Certains adultes partent en éclaireurs, laissant derrière eux femmes et enfants au Liban. Ils volent, depuis Beyrouth, avec la compagnie nationale Belavia. Jusqu’en octobre, elle n’opérait qu’un vol direct hebdomadaire Beyrouth-Minsk. Mais depuis une dizaine de jours, pour répondre à la demande, deux vols sont programmés, soit environ 350 passagers transportés, chaque semaine. « Ce qui était sporadique est en passe de devenir plus régulier », se borne à répondre un officiel libanais, joint au téléphone à Beyrouth, qui dément toutefois l’existence de réseaux organisés.

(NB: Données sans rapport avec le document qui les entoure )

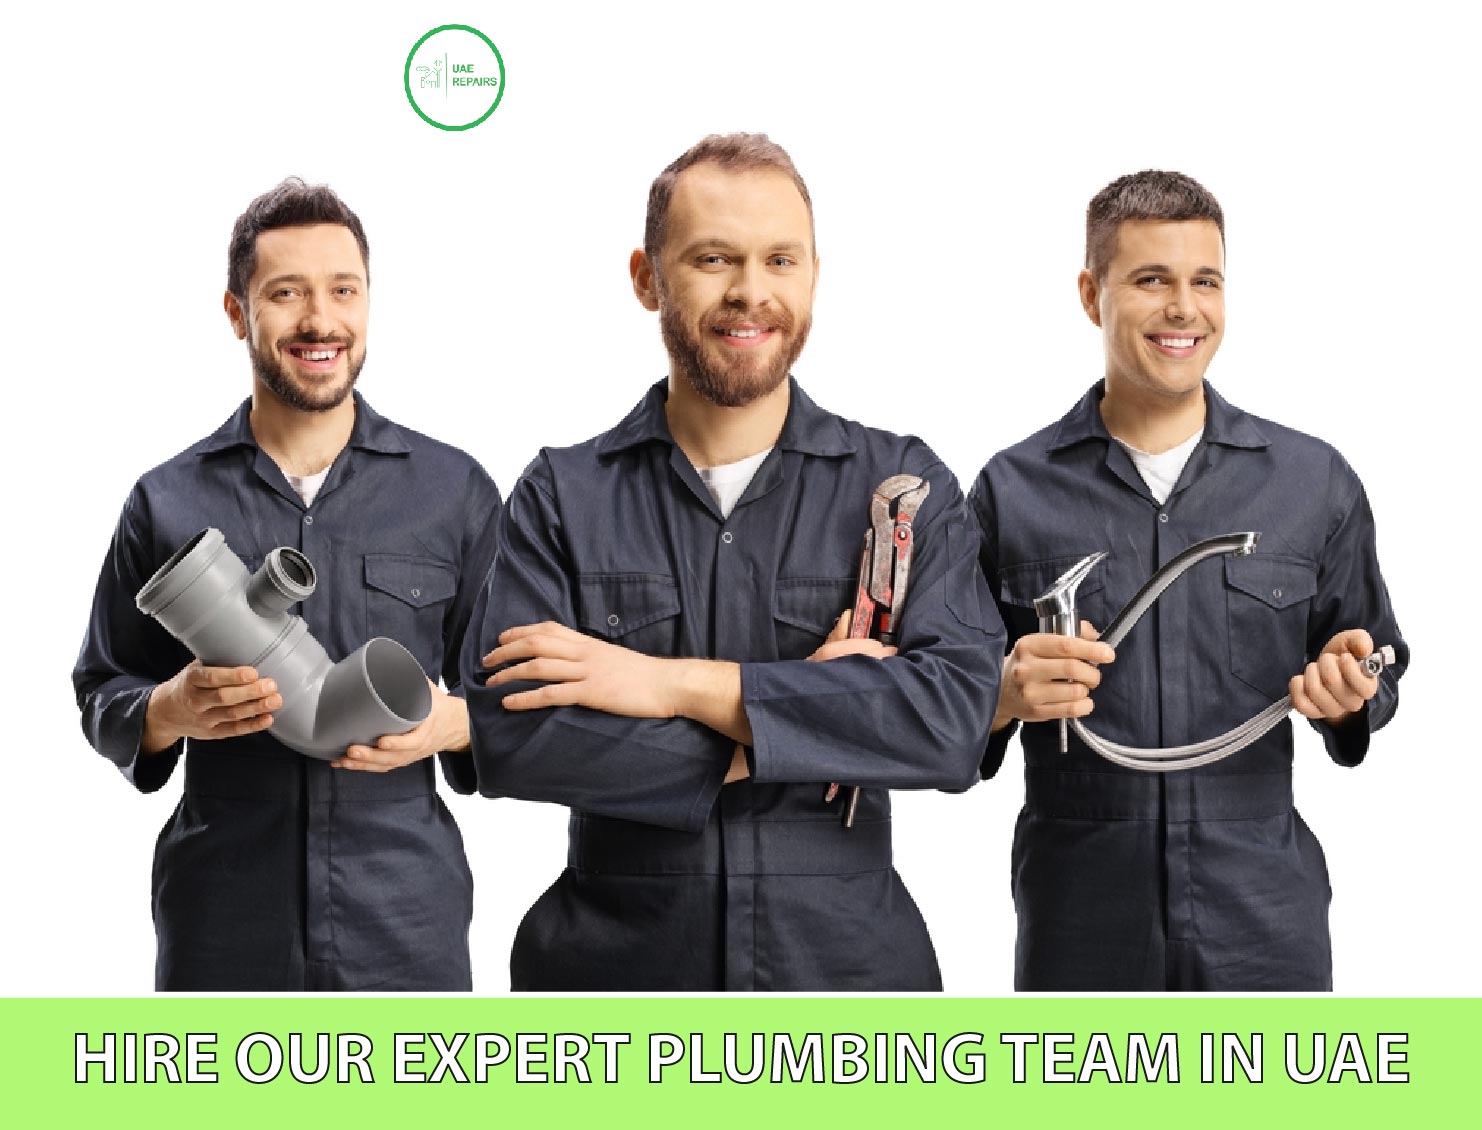 HIRE UAE REPAIRS EXPERT PLUMBING TEAM Friendly and Approachable Team Expert Guidance Thorough Problem Analysis Efficient and Professional Service Clear and Professional Communication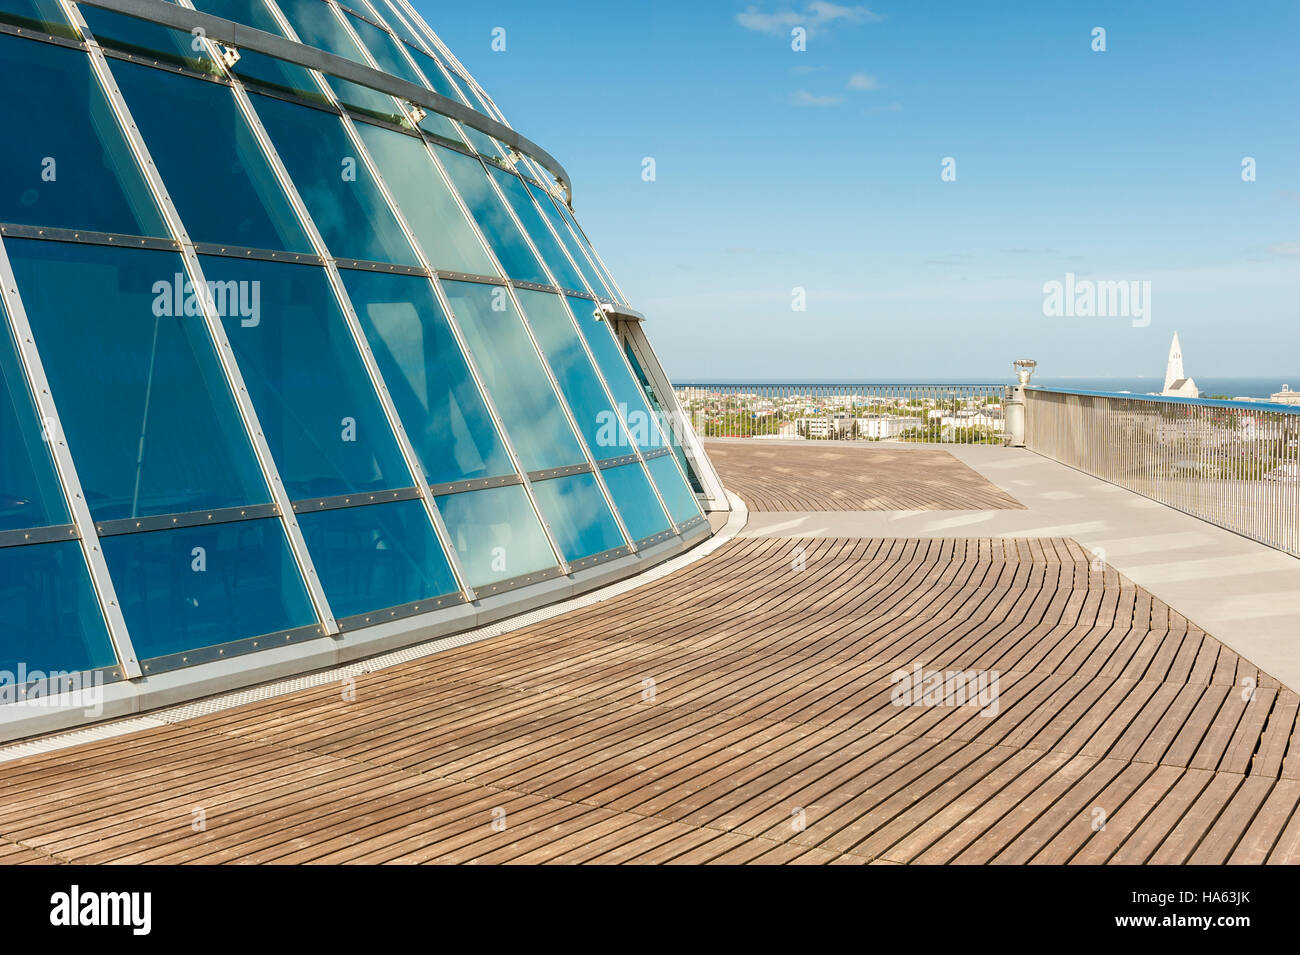 Perlan building dome and viewing deck overlooking Reykjavik, Iceland Stock Photo

L’urgence a conduit les responsables de l’Union européenne (UE) à multiplier les pressions envers certains pays du Moyen-Orient pour endiguer le flot des migrants vers Minsk. « La situation globale est que nous voyons des progrès sur tous les fronts », s’est félicité vendredi le vice-président de la Commission européenne Margaritis Schinas, après un entretien à Beyrouth avec le président de la République, Michel Aoun.

Ce vendredi, la Direction générale de l’aviation turque a annoncé que les ressortissants d’Irak, de Syrie et du Yémen sont désormais interdits « d’acheter jusqu’à nouvel ordre des billets et d’embarquer pour la Biélorussie depuis les aéroports de Turquie ». Il y avait jusque-là 17 vols hebdomadaires pour Minsk à partir d’Istanbul.

Lundi, Margaritis Shinas sera à Bagdad. Selon un employé de la compagnie nationale Iraqi Airways joint par Le Figaro dans la capitale irakienne, la compagnie privée Fly Baghdad vient d’arrêter ses vols vers Minsk. Début août, déjà, Iraqi Airways avait été contrainte, sous pression européenne, de suspendre ses vols vers la Biélorussie. L’Irak et la Turquie se sont, a priori, conformés aux exigences de l’UE. L’Europe, qui a rompu avec Bachar el-Assad pour cause de répression de ses opposants, aura plus de mal à obtenir des concessions de la Syrie, sauf à faire elle-même des concessions sur d’autres dossiers. Il pourrait en être de même au Liban, où l’aéroport de Beyrouth se trouve sous le contrôle du Hezbollah. Cette organisation, alliée de Damas et de l’Iran, est placée sur la liste des organisations terroristes par de très nombreux pays de l’UE.